Kafkas halklarının kullandığı bir atasözümüzü var; “Ölünün
ardınca konuşmazlar”.
Kafkasya, araştırmacılar ve gözlemciler için objektif
sonuçlara varmak için gereken imkânı sağlayan koskoca bir
akademi gibidir. En çok da, sosyologların ve devlet bilimiyle
uğraşanların eğitimi için önemlidir.
Kafkasya’da yaşam ve insan karakterleri türlü türlü ve aynı
zamanda çok karmaşıktır. Milletlerin problemlerini oluşturan,
tarihi, sosyal ve ekonomik sorunlar Kafkasya`da da iç içe
geçmiştir.
Bölgenin idaresi ve burada yaşayan halkın sosyal özelliğinin
ve yaşam şartlarının kendine has yapısının önemi bazen
gerçekten, bazen de ikiyüzlülükle anlamak istemeyenlerin,
görevini gerçekten de yapıp yapmadığını kontrolünün güçlüğü
Kafkasya bu özelliğinden kaynaklanmaktadır.

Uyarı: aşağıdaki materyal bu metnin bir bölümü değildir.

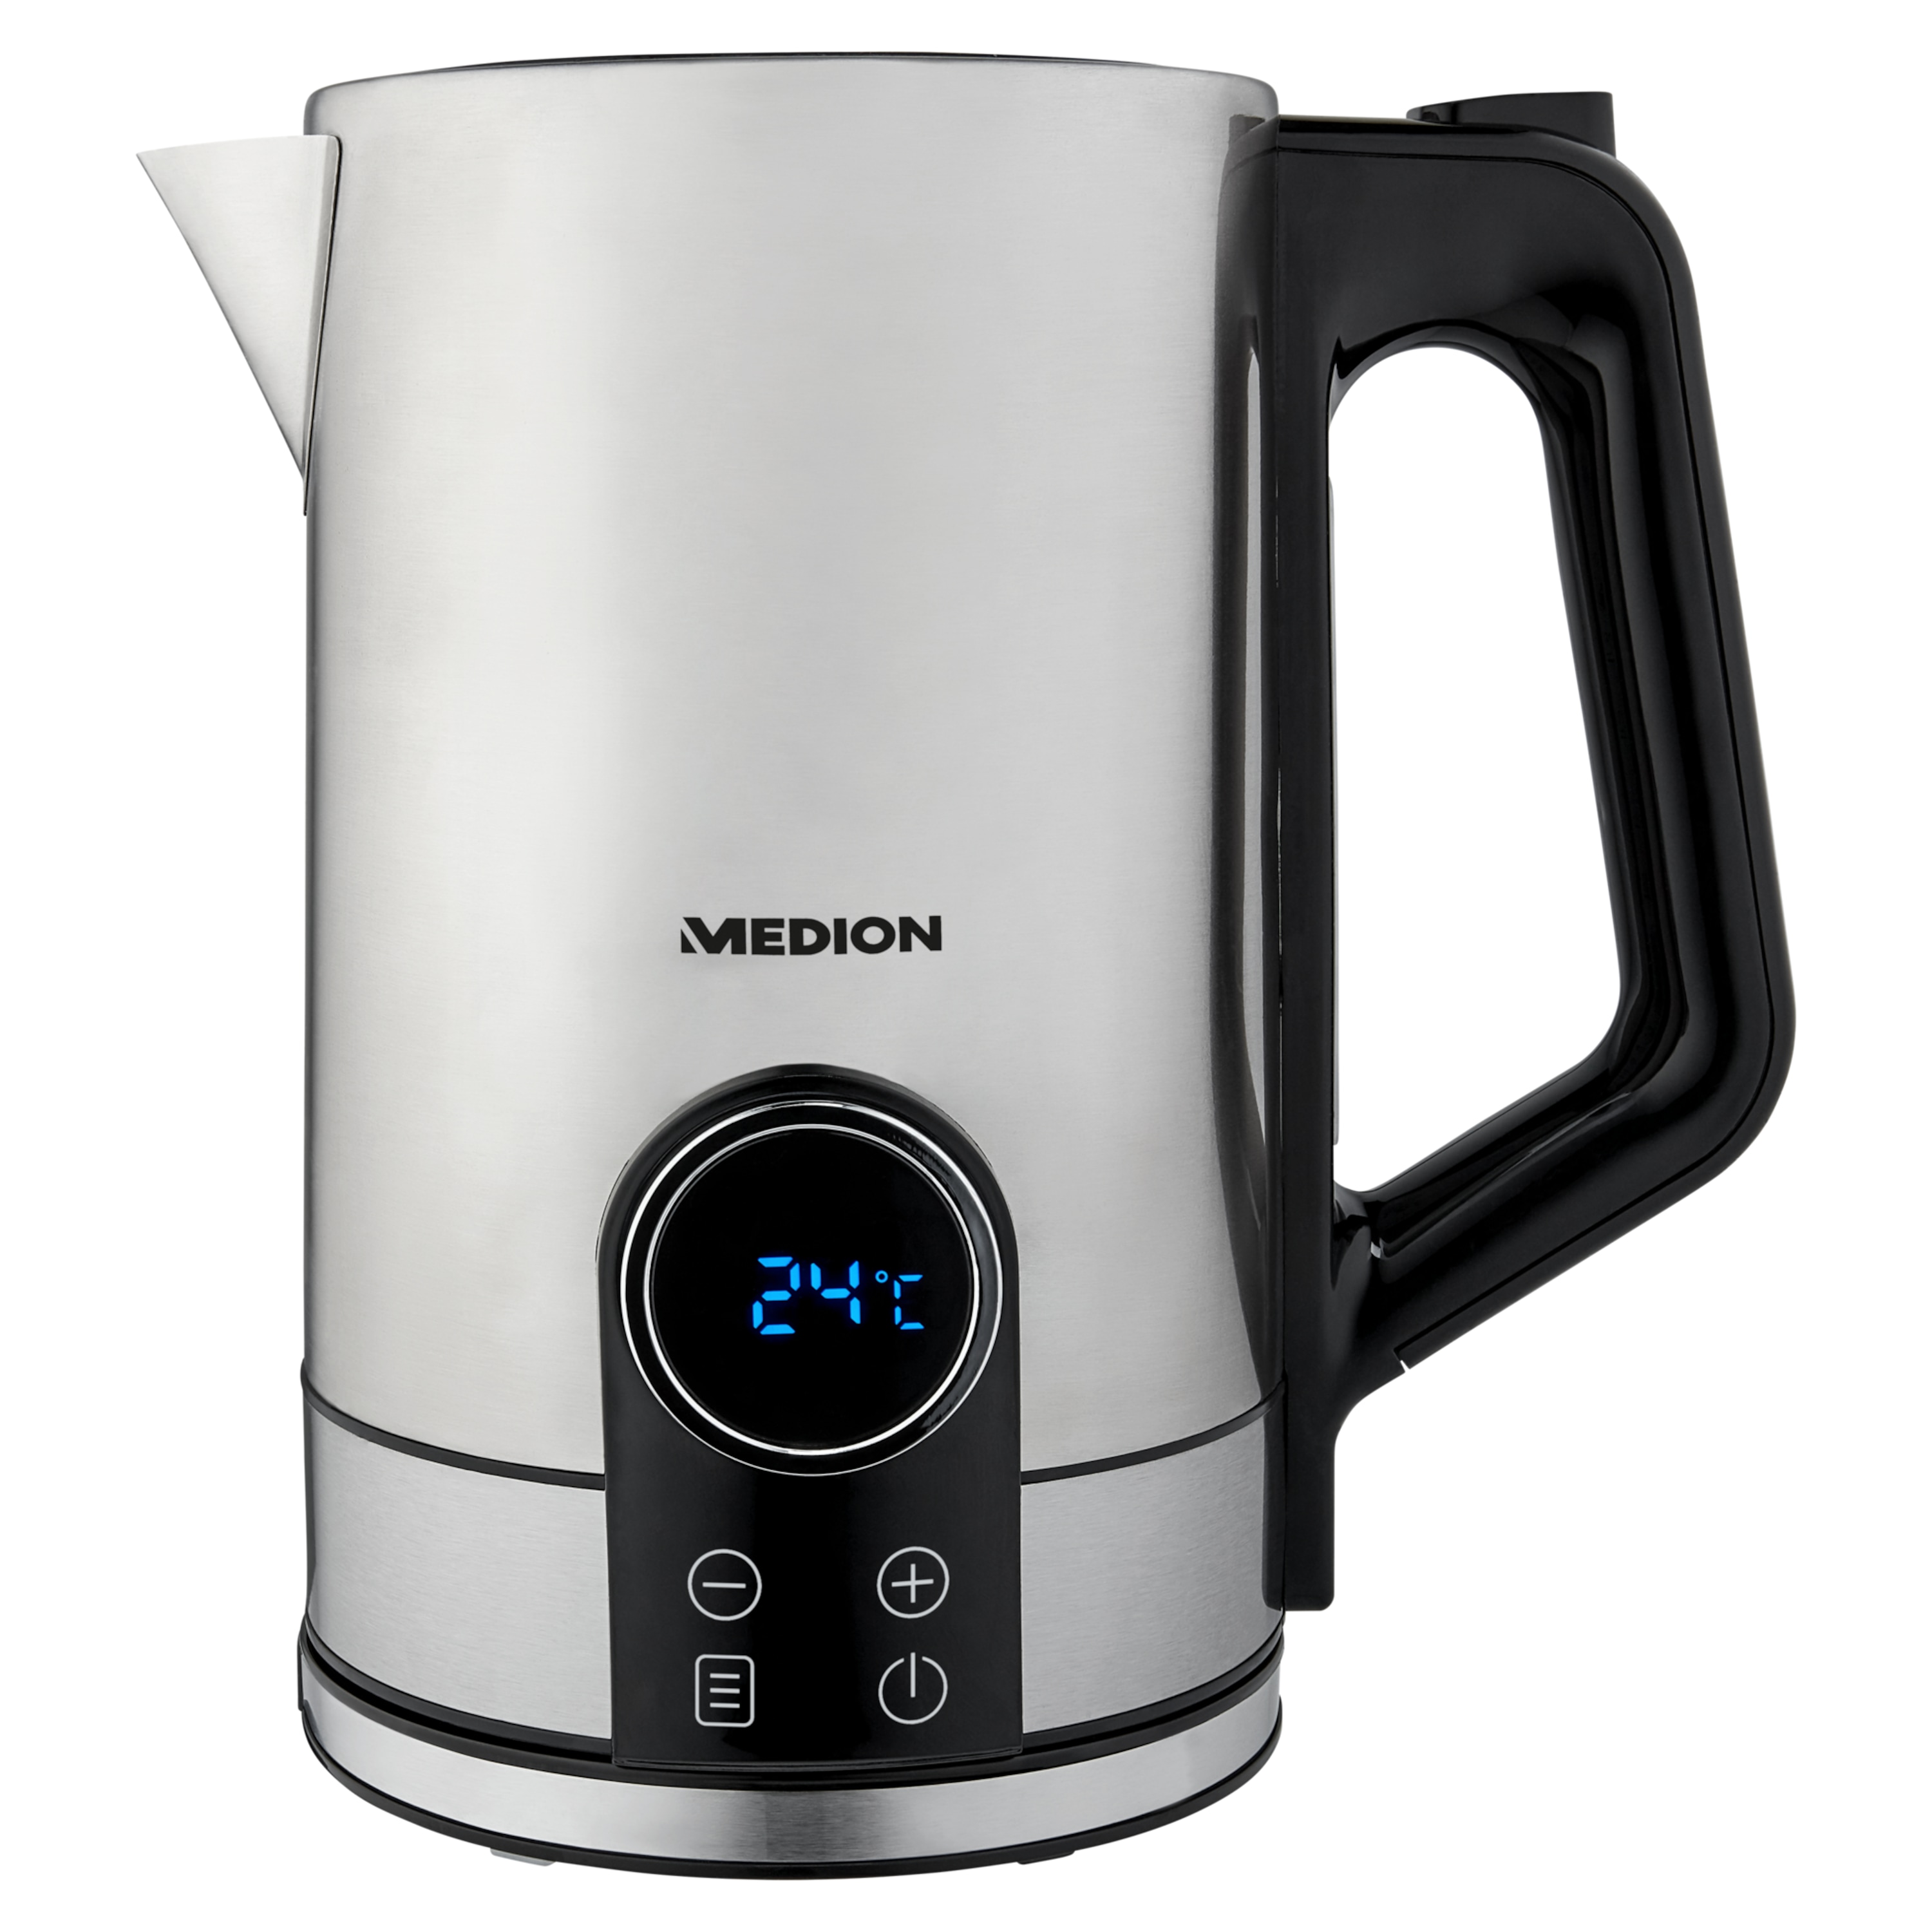 MEDION® Frühstücks-Set MD 10220, Set bestehend aus Wasserkocher, Toaster und Kaffeemaschine, modernes Design, großes LED-Display, hochwertiger Edelstahl

Olayların ve problemlerin kökenine inmek için önce geçmişi
tanımamız gerekmektedir. Ancak o zaman Kafkasya’nın
sorunlarını çözmek ve gelecekle ilgili olarak belirli bir rota
çizmelerine yardım etmek mümkün olacaktır.
Kuzey Kafkasların Etnik Yapısı
Dünya üzerindeki en eski yerleşim bölgelerinden birisi olması
ve dünyadaki diğer topluluklarla ilişkisi olmayan dilleri
konuşan halkların oturmasından dolayı Kafkasya bölgesi,
sorunlu bir bölge olmuştur. Bütün bunlara yer üstü ve yer altı
kaynaklarının eklenmesi sorunları içinden çıkılmaz hale
getirmiştir. Sovyet döneminde, bölgede yaşayan halklar, tarihi
geçmişleriyle ilgili olarak sağlıklı bilgilere ulaşamadıkları
gibi baskıyla ya dayalı uygulamalarla yönetilmeye
çalışılmıştır. Buna rağmen Kafkasyalılar, bazı problemler olsa
da kimliklerini ve geçmişlerini bu güne taşımayı başardılar.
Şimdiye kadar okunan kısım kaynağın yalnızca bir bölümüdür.